#### INSTRUCTIONS FOR THE TASK
Please make sure what you return matches the listing below exactly, minus its pictures.

#### RECORDED INFORMATION
• • • • • • •

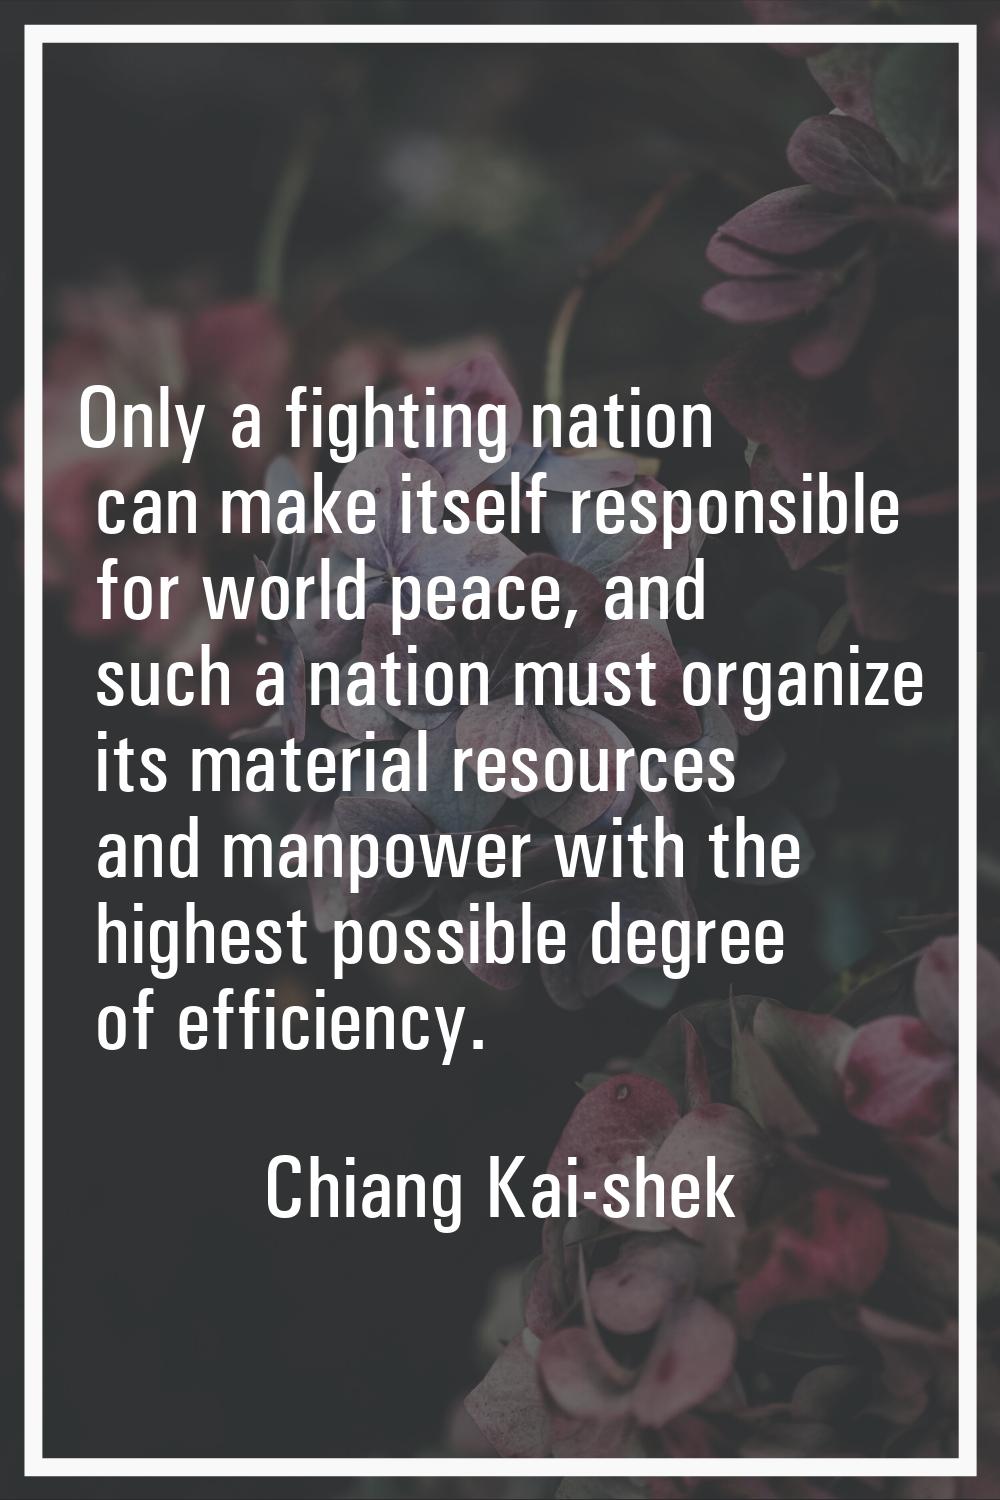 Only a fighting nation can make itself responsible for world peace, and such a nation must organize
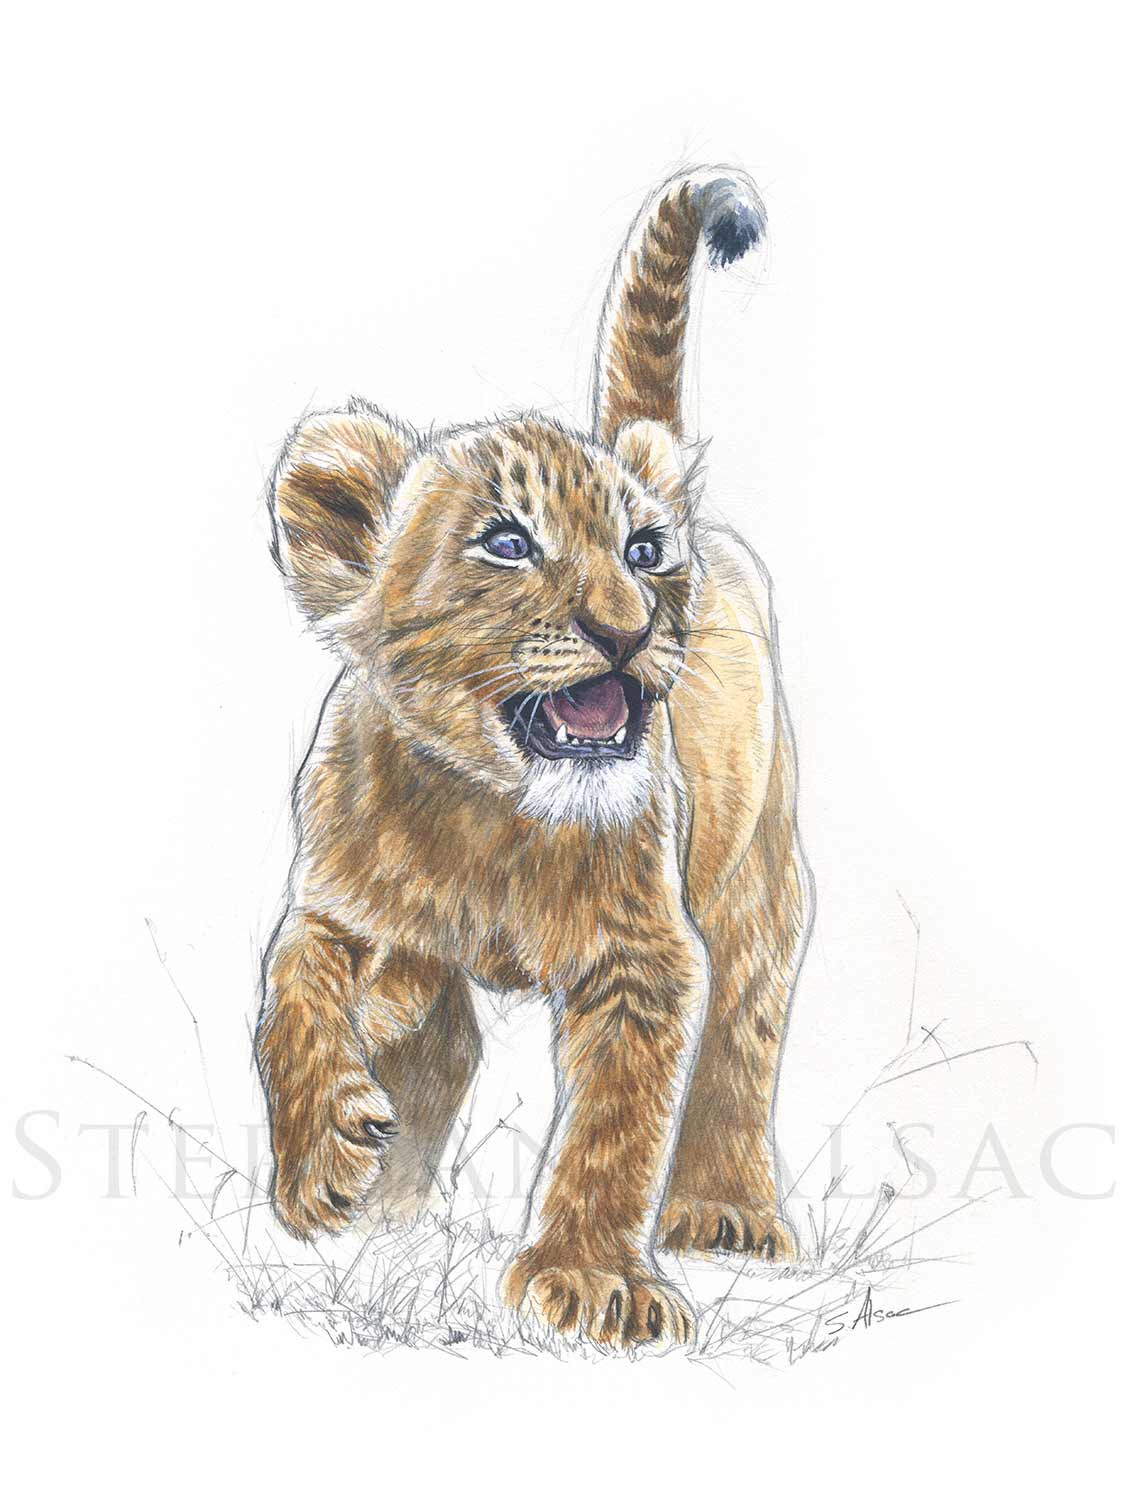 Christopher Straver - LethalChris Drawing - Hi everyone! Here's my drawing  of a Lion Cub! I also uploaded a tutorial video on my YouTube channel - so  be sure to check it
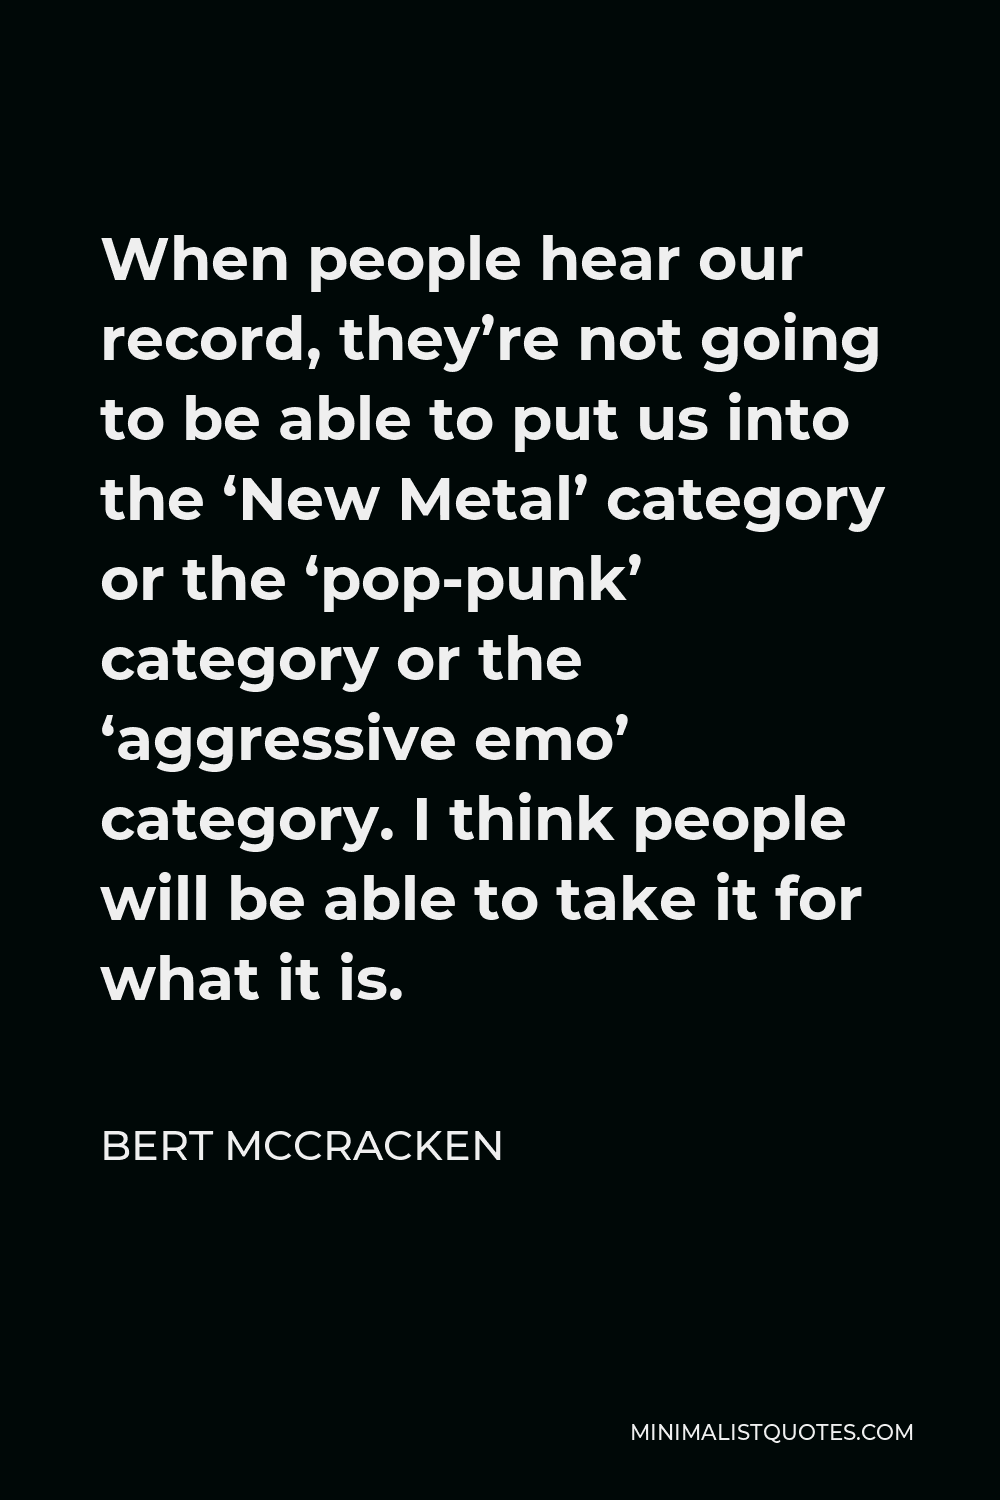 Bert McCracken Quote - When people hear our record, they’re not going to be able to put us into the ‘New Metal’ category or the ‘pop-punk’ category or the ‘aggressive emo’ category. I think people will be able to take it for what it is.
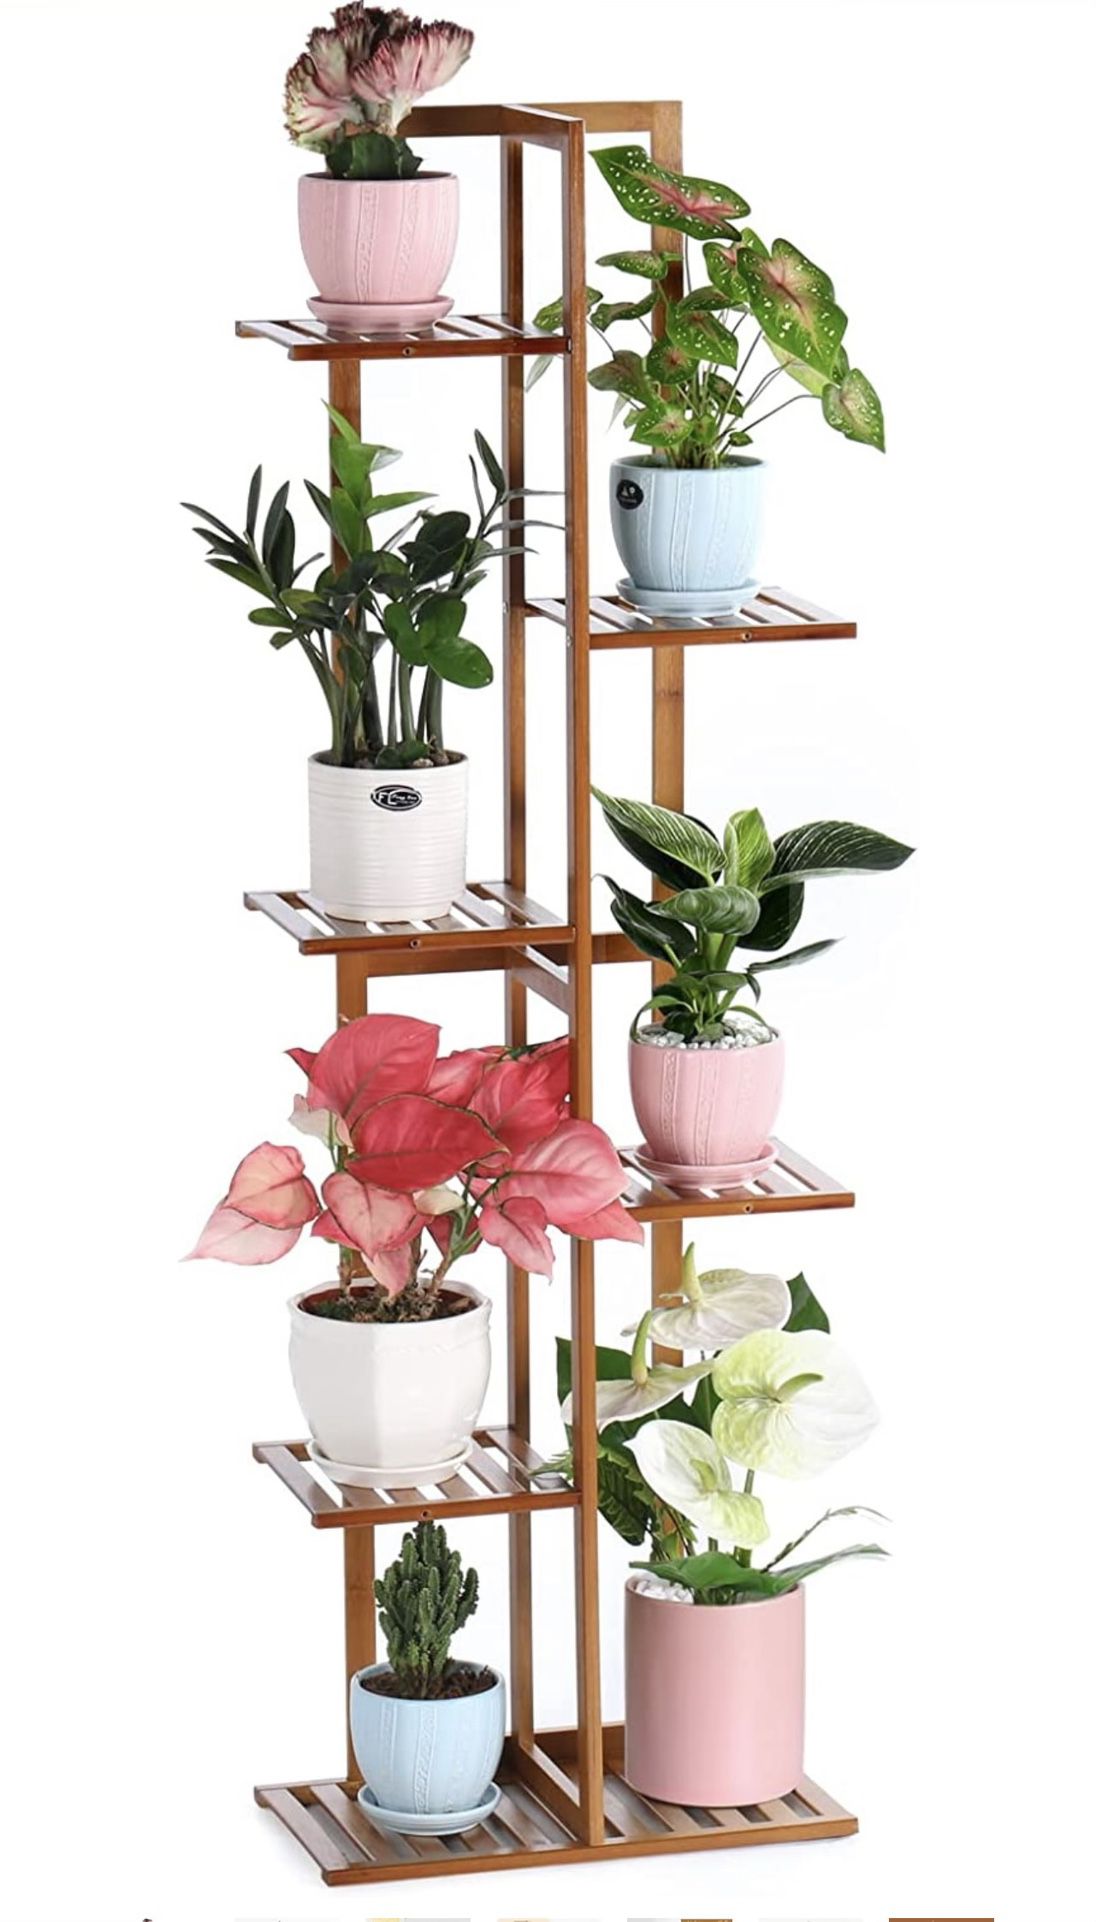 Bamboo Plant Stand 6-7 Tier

• • • • • • •

#### OUTPUT FOR THIS EXERCISE
 Only a fighting nation can make itself responsible for world peace, and such a nation must organize
 Christopher Straver - LethalChris Drawing - Hi everyone! Here's my drawing  of a Lion Cub! I also uploaded a tutorial video on my YouTube channel - so  be sure to check it
 Bert McCracken Quote - When people hear our record, they’re not going to be able to put us into the ‘New Metal’ category or the ‘pop-punk’ category or the ‘aggressive emo’ category. I think people will be able to take it for what it is.
 Bamboo Plant Stand 6-7 Tier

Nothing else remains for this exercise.